README

A managed ML workflow platform for Amazon Robotics science teams. Write Python, declare your compute needs, and run—without managing any infrastructure.

What is Metaflow

The Short Version

Metaflow is an open-source Python framework for building and running ML workflows. Originally built at Netflix, it lets you define pipelines as Python classes where each step is a method decorated with @step.

This platform deploys a fully managed Metaflow environment on AWS specifically for Amazon Robotics. You get GPU compute, artifact storage, workflow orchestration, a web UI, and SSO authentication—all pre-configured and ready to use.
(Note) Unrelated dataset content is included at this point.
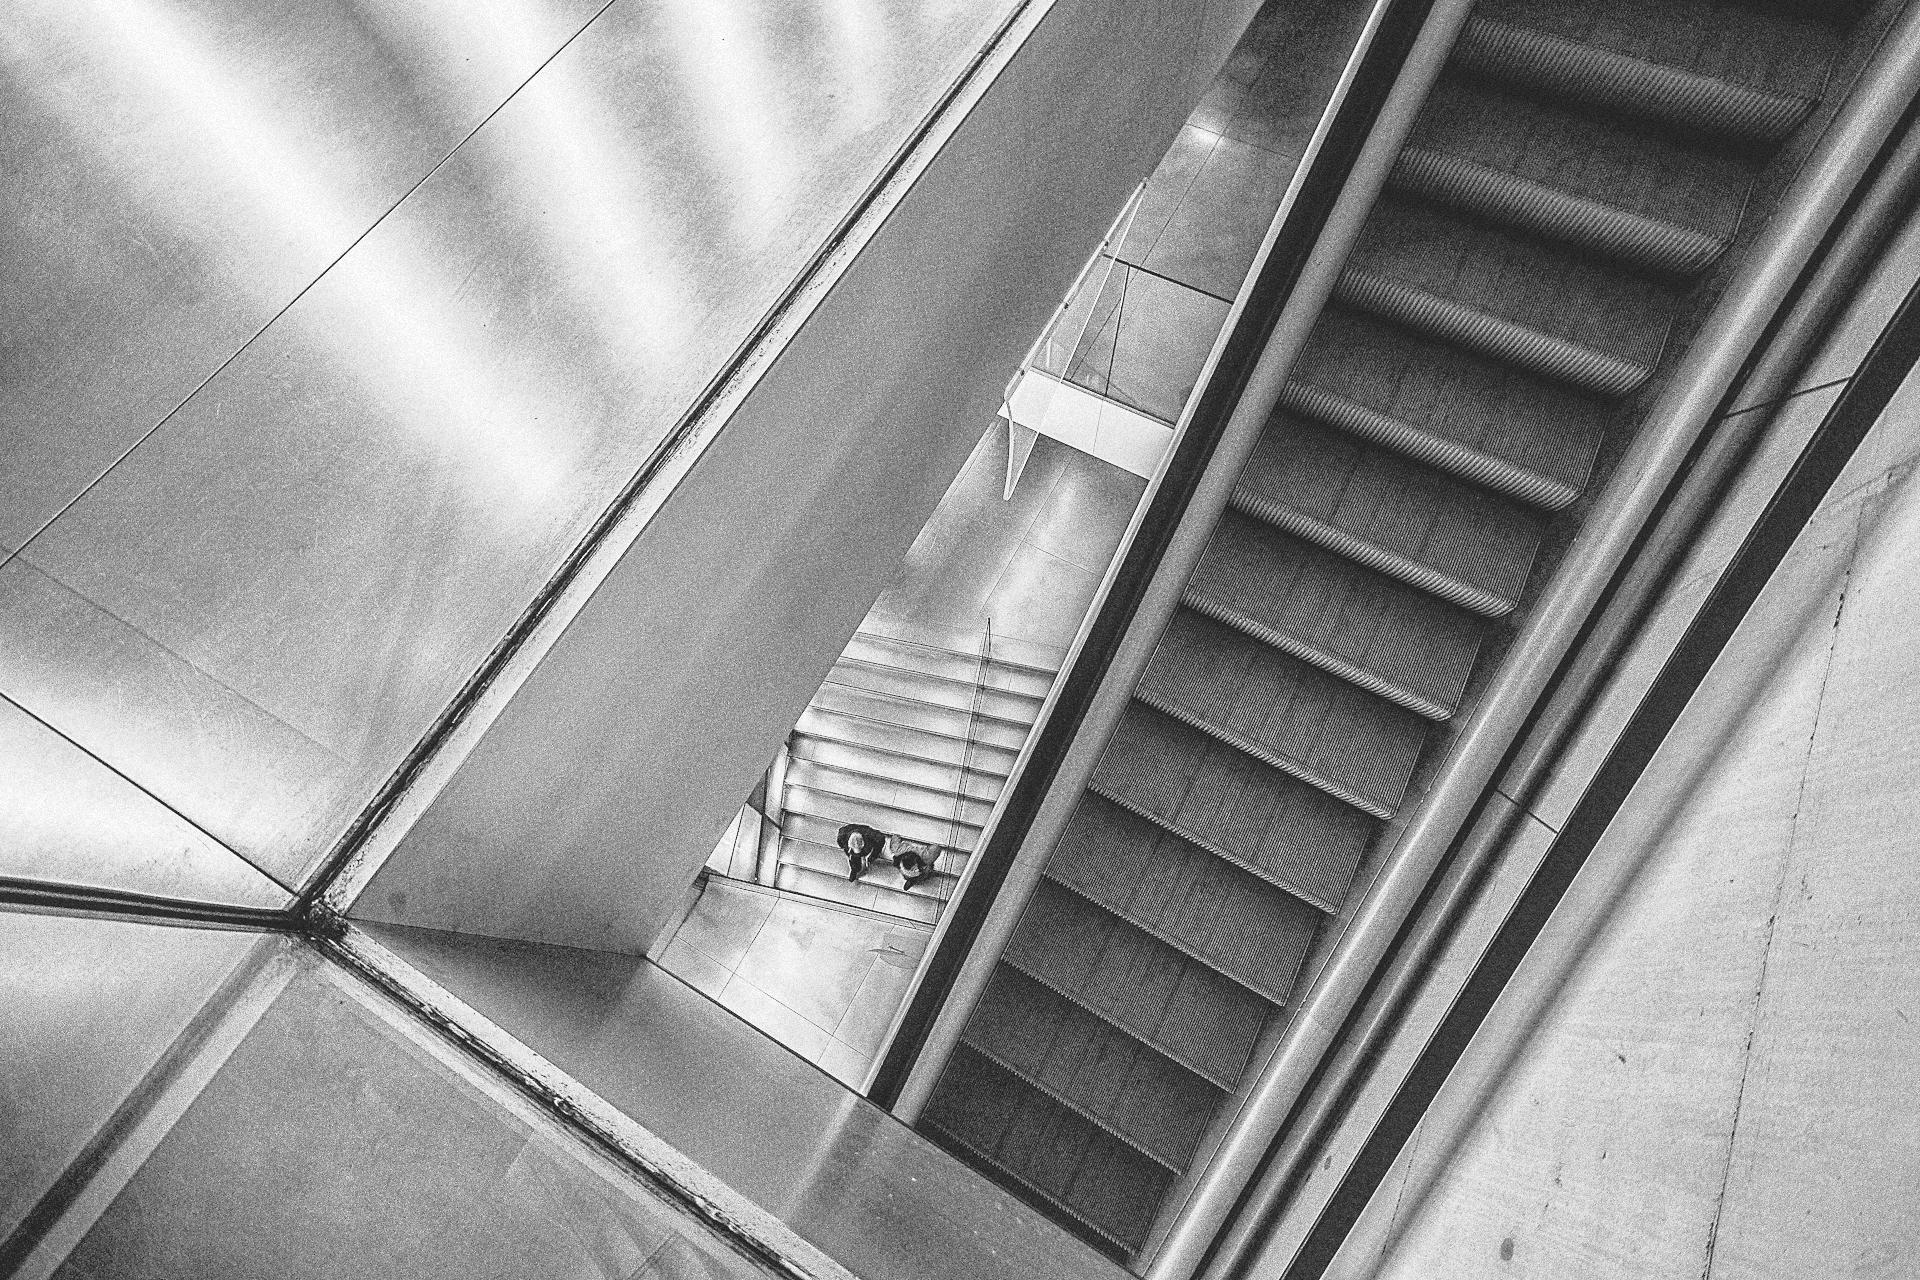 10AM Photography Fotografia bonjourmolotov Andre Gigante 22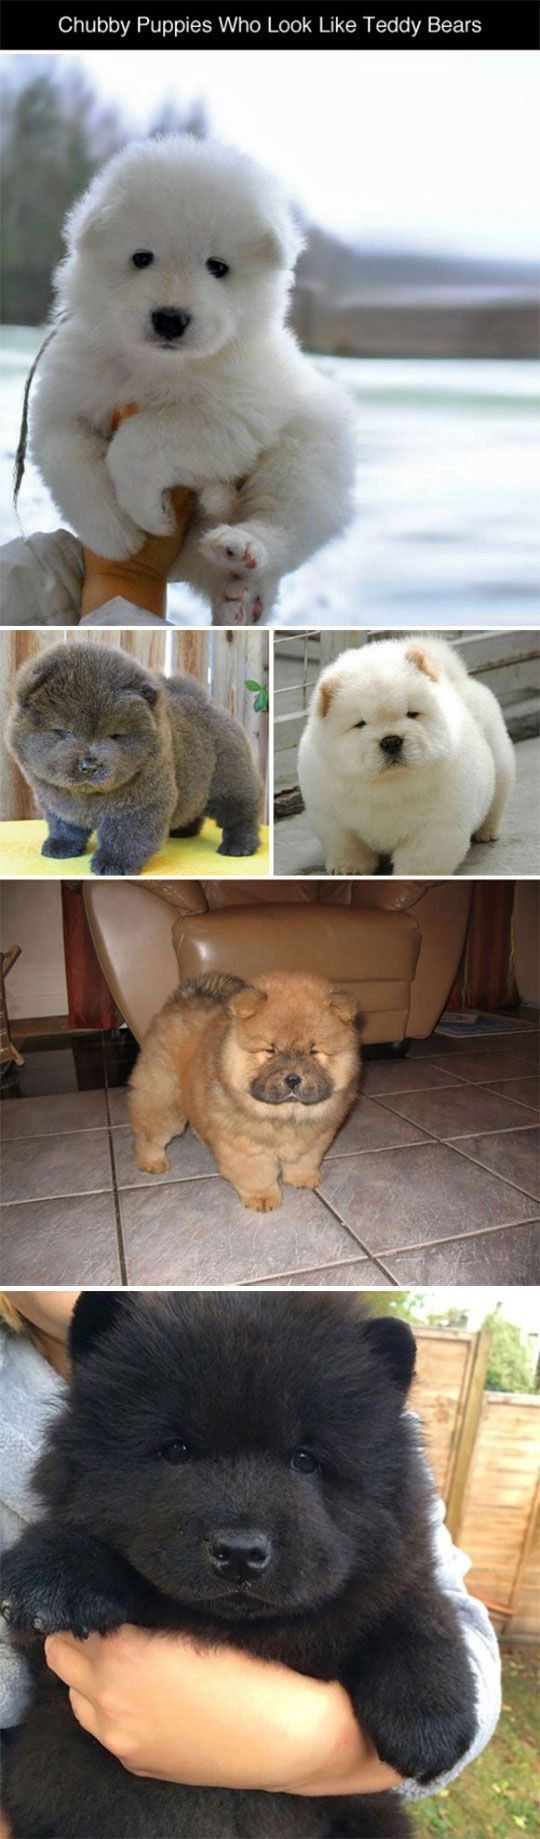 Best Teddy Bear Chubby Adorable Dog - 86b4a142043bdfc373164d2b5cff90de  Gallery_671084  .jpg

Who is this for? Any Amazon Robotics science team running compute-intensive workloads: RL policy training, physics simulation (Isaac Lab, MuJoCo, Drake), hyperparameter sweeps, data pipelines, or any workflow that benefits from GPU acceleration and reproducibility.
Key Concepts

Metaflow Building Blocks

Understanding four concepts unlocks the entire platform:

Flow

A Python class that defines a directed acyclic graph (DAG) of steps. Each flow is a complete pipeline.

Step

A method decorated with @step. Each step runs in its own container with the compute resources you specify.

Run

A single execution of a flow. Every run is tracked, versioned, and browsable in the UI.

Artifact

Data assigned to self.* in a step. Automatically serialized to S3 and available in downstream steps.

Compute Tiers

Three GPU Tiers

Request the right compute for your workload. Karpenter auto-provisions nodes and scales to zero when you're done.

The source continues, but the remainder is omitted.